----- Given information -----

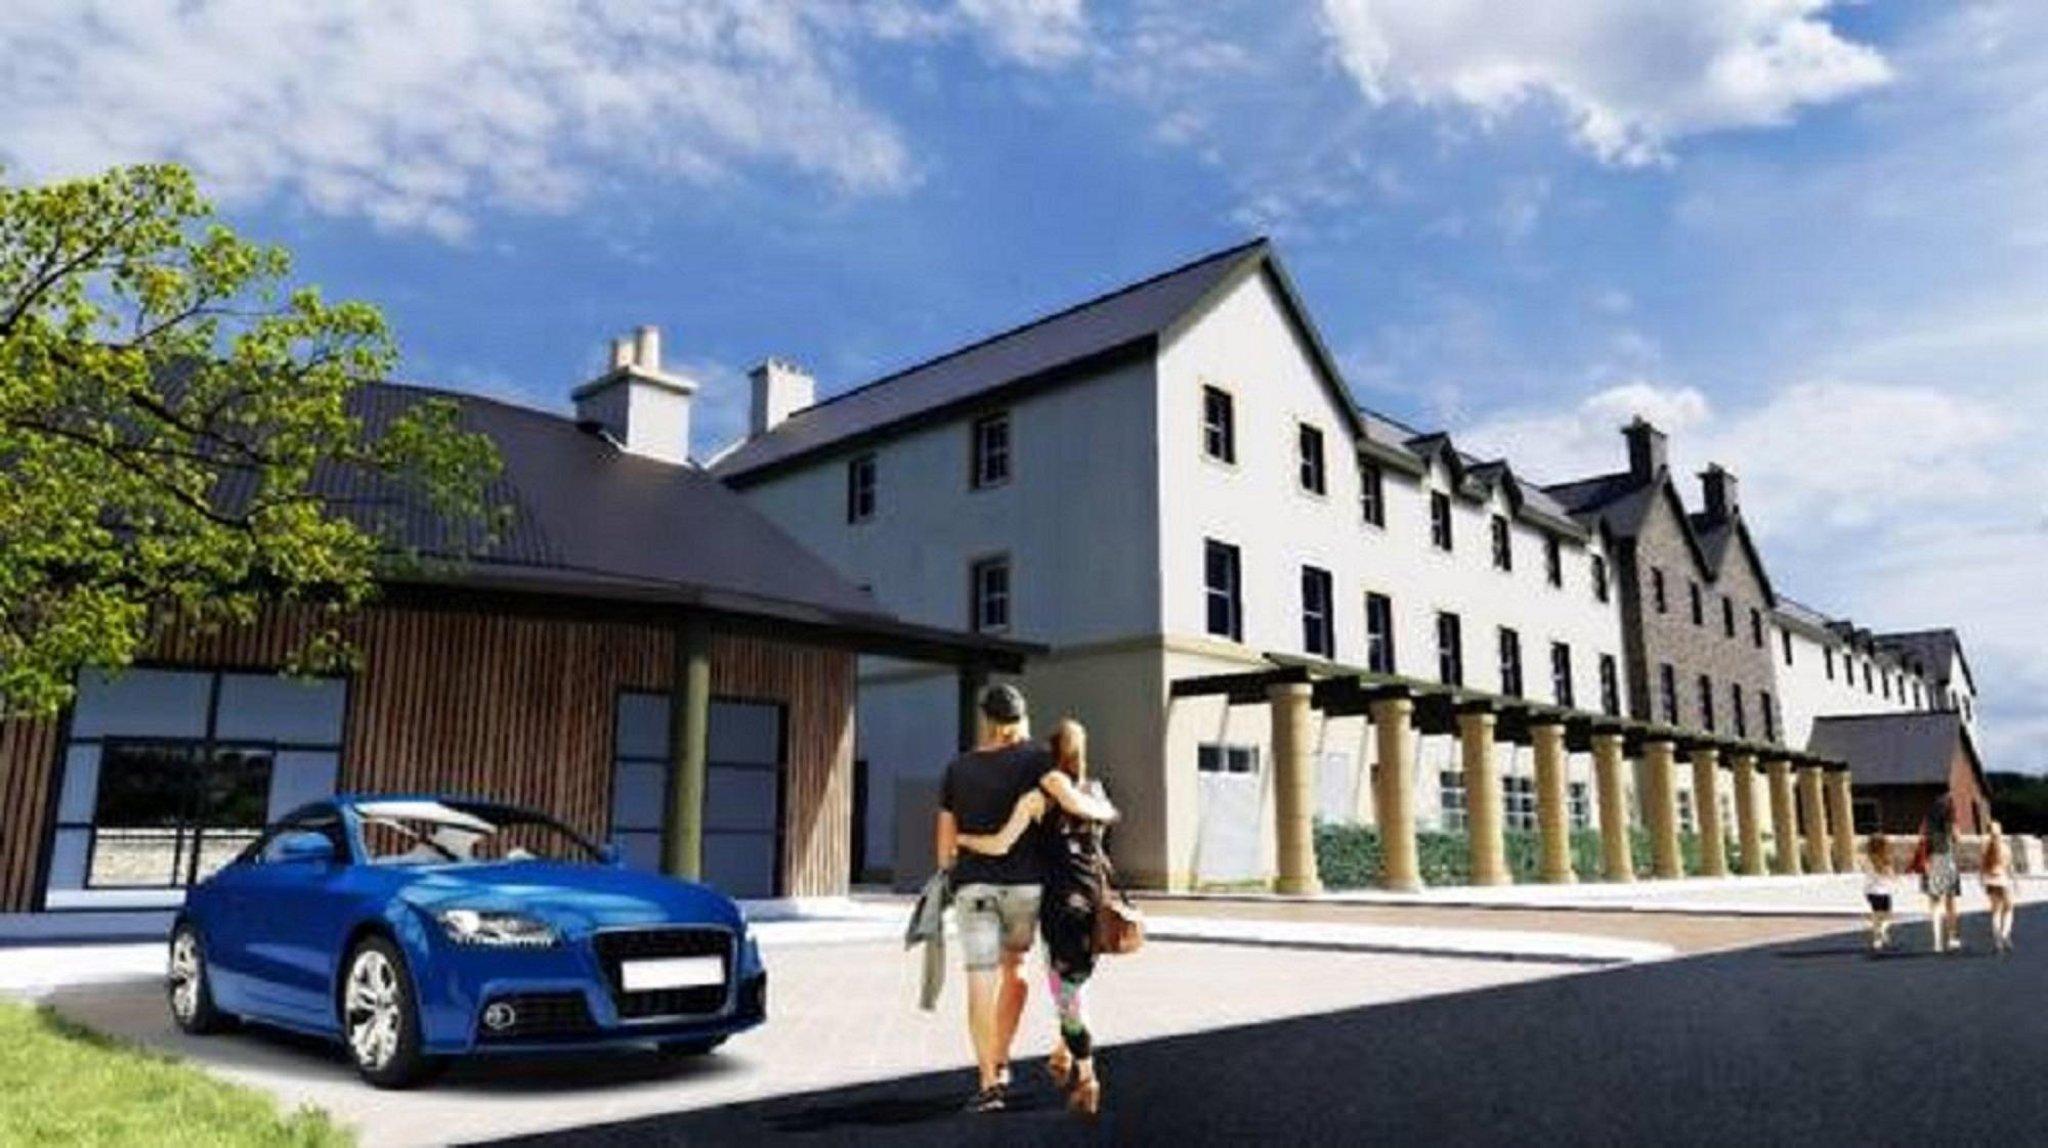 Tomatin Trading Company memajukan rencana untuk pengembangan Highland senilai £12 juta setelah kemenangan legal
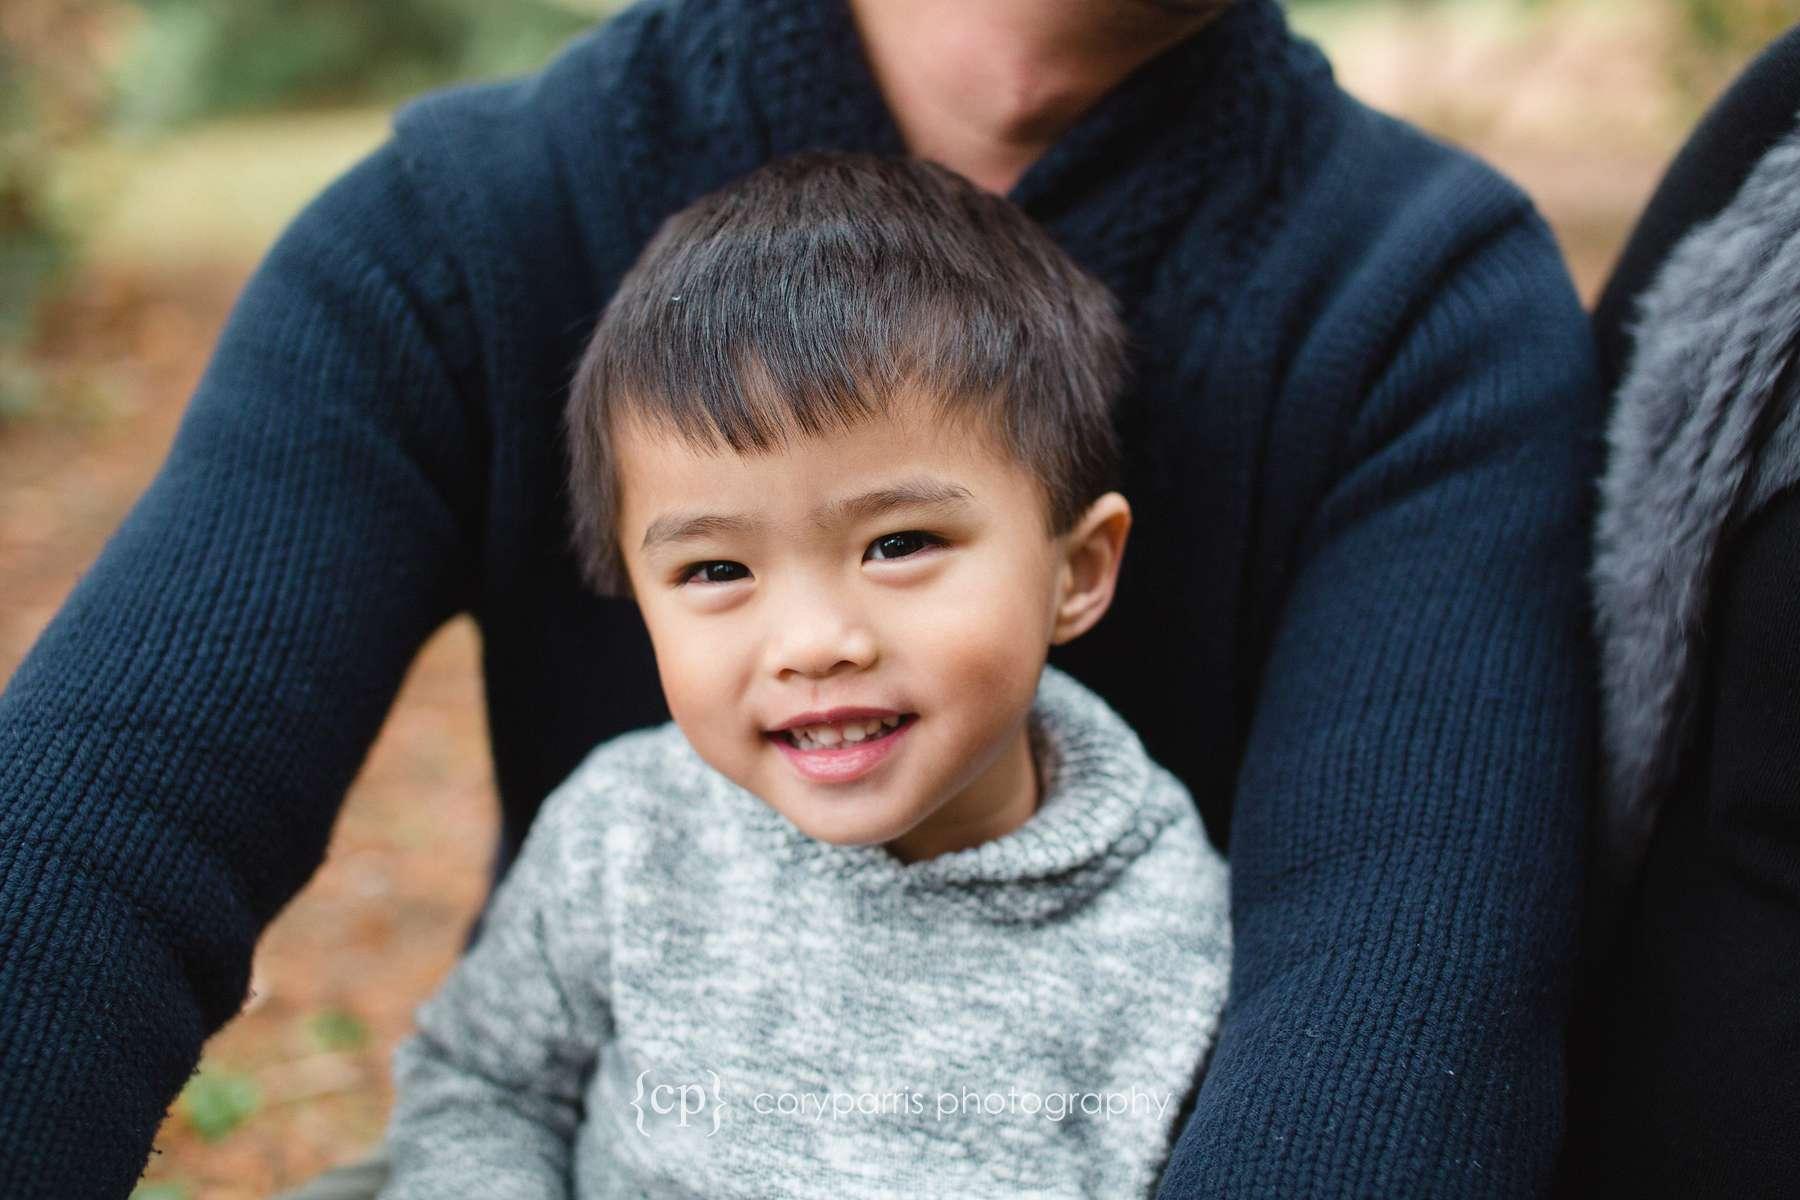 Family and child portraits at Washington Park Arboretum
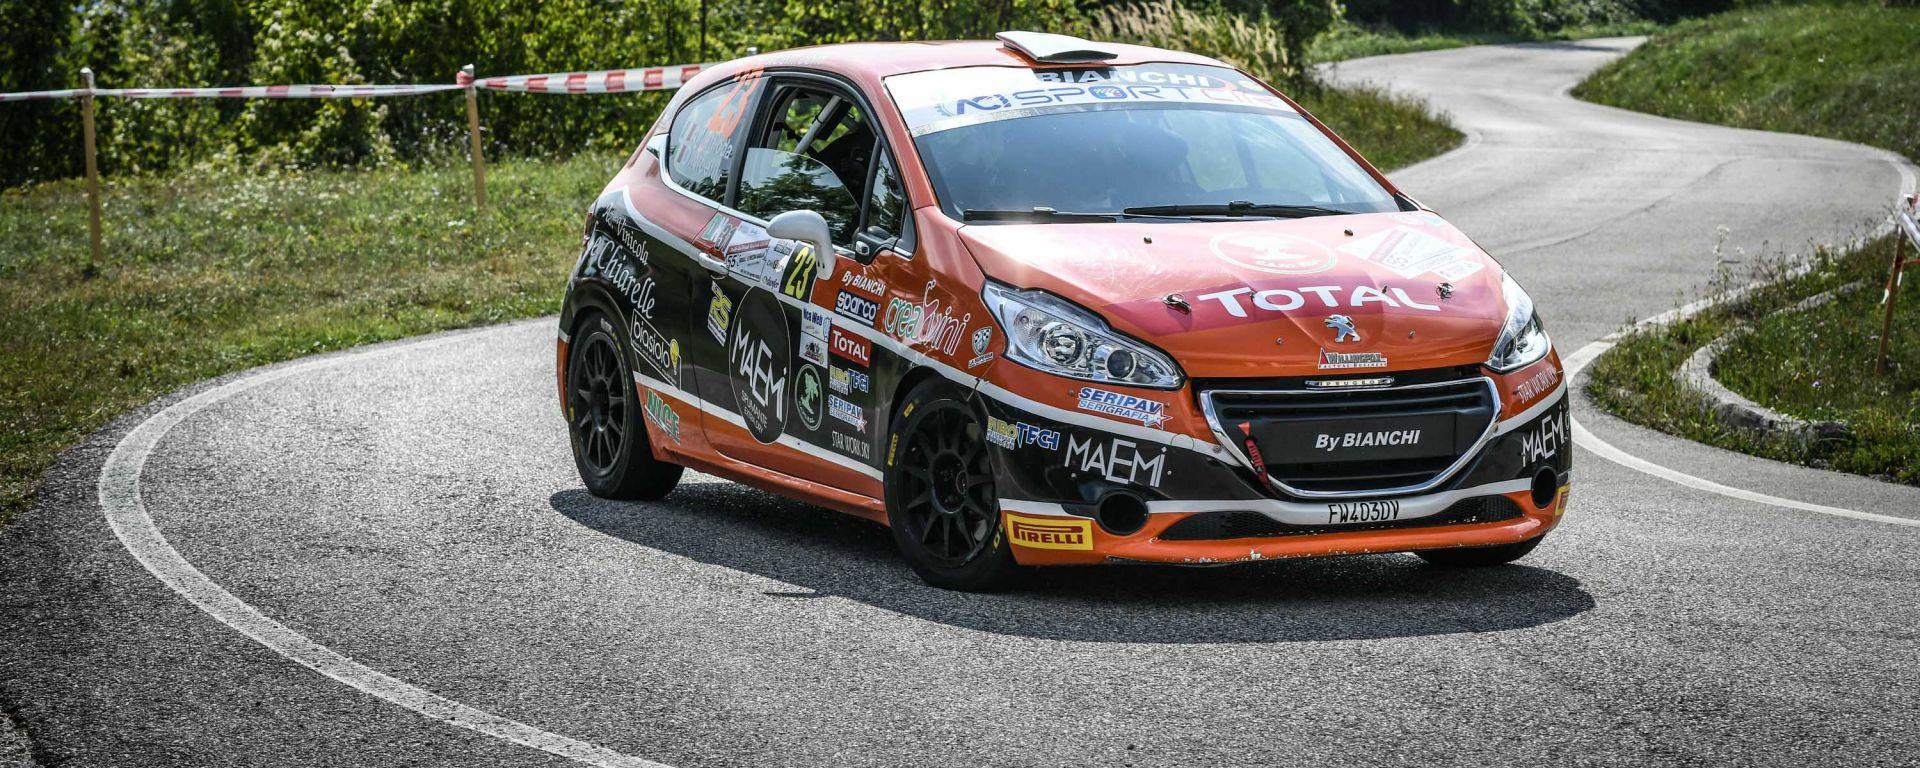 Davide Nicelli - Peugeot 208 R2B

-----

■ Task to carry out
Line for line, retype the material exactly, omitting any pictures.

■ Solved exercise
 Tomatin Trading Company memajukan rencana untuk pengembangan Highland senilai £12 juta setelah kemenangan legal
 Family and child portraits at Washington Park Arboretum
 Davide Nicelli - Peugeot 208 R2B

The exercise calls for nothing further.